Я не удержался и прошептал, словно про себя:
— А я-то думал, он предпочитает арабов!
— Почему?
— Да так. Спокойной ночи.
Однако это осталось лишь пожеланием. Я задремал, но вскоре почувствовал, как прохладный золотой скарабей скользит по моей груди. В эту ночь мы почти не спали — ни Эглантина, ни скарабей, ни я.
Разбудил нас телефонный звонок библиотекаря. Было чуть больше девяти. Будильник не прозвонил (по той простой причине, что ни один из нас не подумал его завести). «Ну что я за тупица!» — воскликнула Эглантина и бросилась в ванную.
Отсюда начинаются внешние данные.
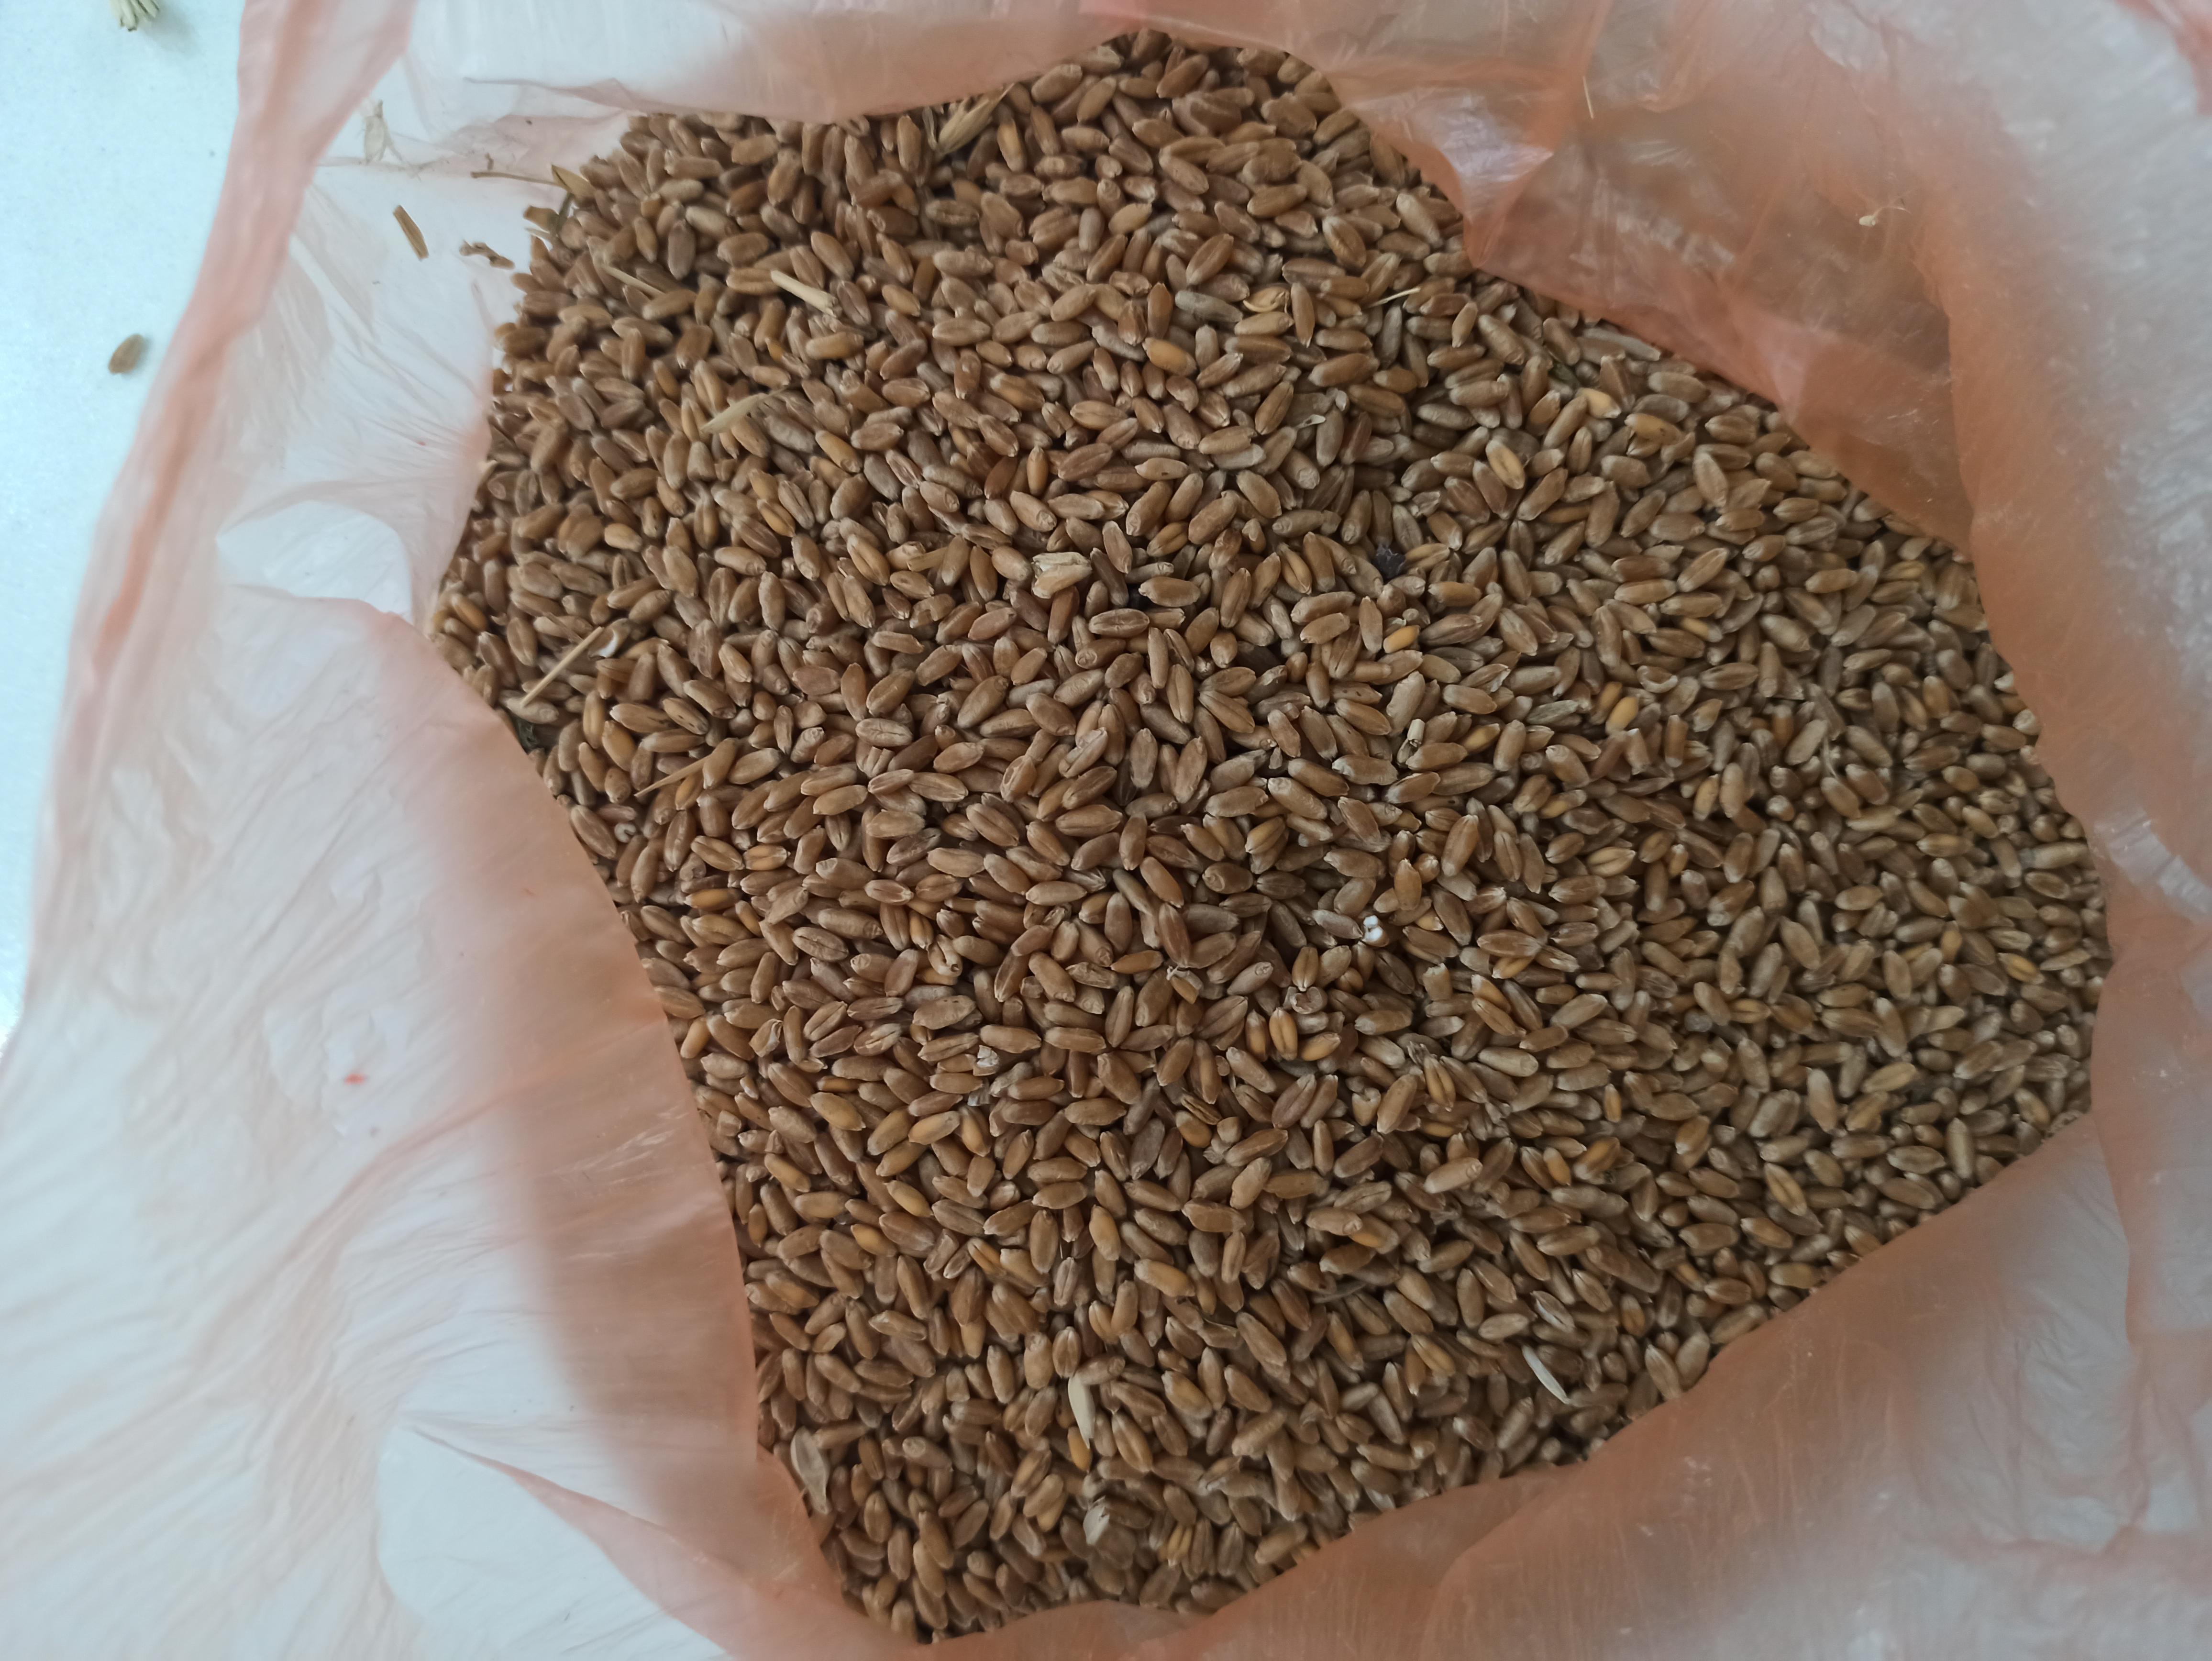 Buğday (Ekmeklik) - Üretici Emre Karaca 6000 tl fiyat ile 50.000 kilogram odeskaya 51 çeşidi buğday (ekmeklik) satmak istiyor

Оказалось, мои справки готовы и я могу за ними заехать. Но когда я прибыл, незадолго до обеденного перерыва, Жан Моравски был занят. Вооружившись двумя томами «Универсальной энциклопедии» и «Сборником фразеологизмов» Клода Дюнетона, я не глядя уселся за ближайший стол и попытался с их помощью прояснить серьезный вопрос об упоминании верхней прокладки цилиндра в качестве поэтической метафоры. Напрасно. Ибо, как я вскоре обнаружил, напротив меня сидел уже знакомый старик, чьи регулярные похохатывания меня отвлекали. Любопытно, что книга, которая вызывала у него такие вспышки веселья, была та же, что и в прошлый раз — in quarto в темном переплете, и другие книги, стопкой лежавшие перед ним, тоже, судя по всему, были те же самые.
Но неожиданно рядом со мной возник библиотекарь, прервав мои наблюдения.
— Пойдемте со мной, — возбужденно зашептал он, — у меня для вас кое-что есть!
Едва лишь мы вошли в его кабинет, он сунул мне под нос ксерокопию, при виде которой меня едва не стошнило. Помимо моих прочих слабостей, я страдаю арахнофобией. А сейчас передо мной была статья, иллюстрированная фотографиями многочисленных разновидностей пауков.
— Вот вам еще один «первый раз». Этого еще не было, но скоро будет: коза-паук!
Присмотревшись получше, я увидел и изображения коз. Опыты канадского биотехнолога, как пояснялось в статье, дают возможность получать шелковую нить из козьего молока! Ученому, этому новоявленному Франкенштейну, экспериментировавшему с парой рогатых травоядных, оказалось достаточно ввести ген протеина паучьей нити в генотип. Мало-помалу молочные железы потомства начали вырабатывать тонкую серебристо-серую нить, похожую на те, которыми пауки оплетают наши чердаки и подвалы, но гораздо длиннее и прочнее, чем любое волокно растительного, животного или искусственного происхождения. Таким образом, паучья нить, благодаря козьему племени, становится текстильным сырьем будущего!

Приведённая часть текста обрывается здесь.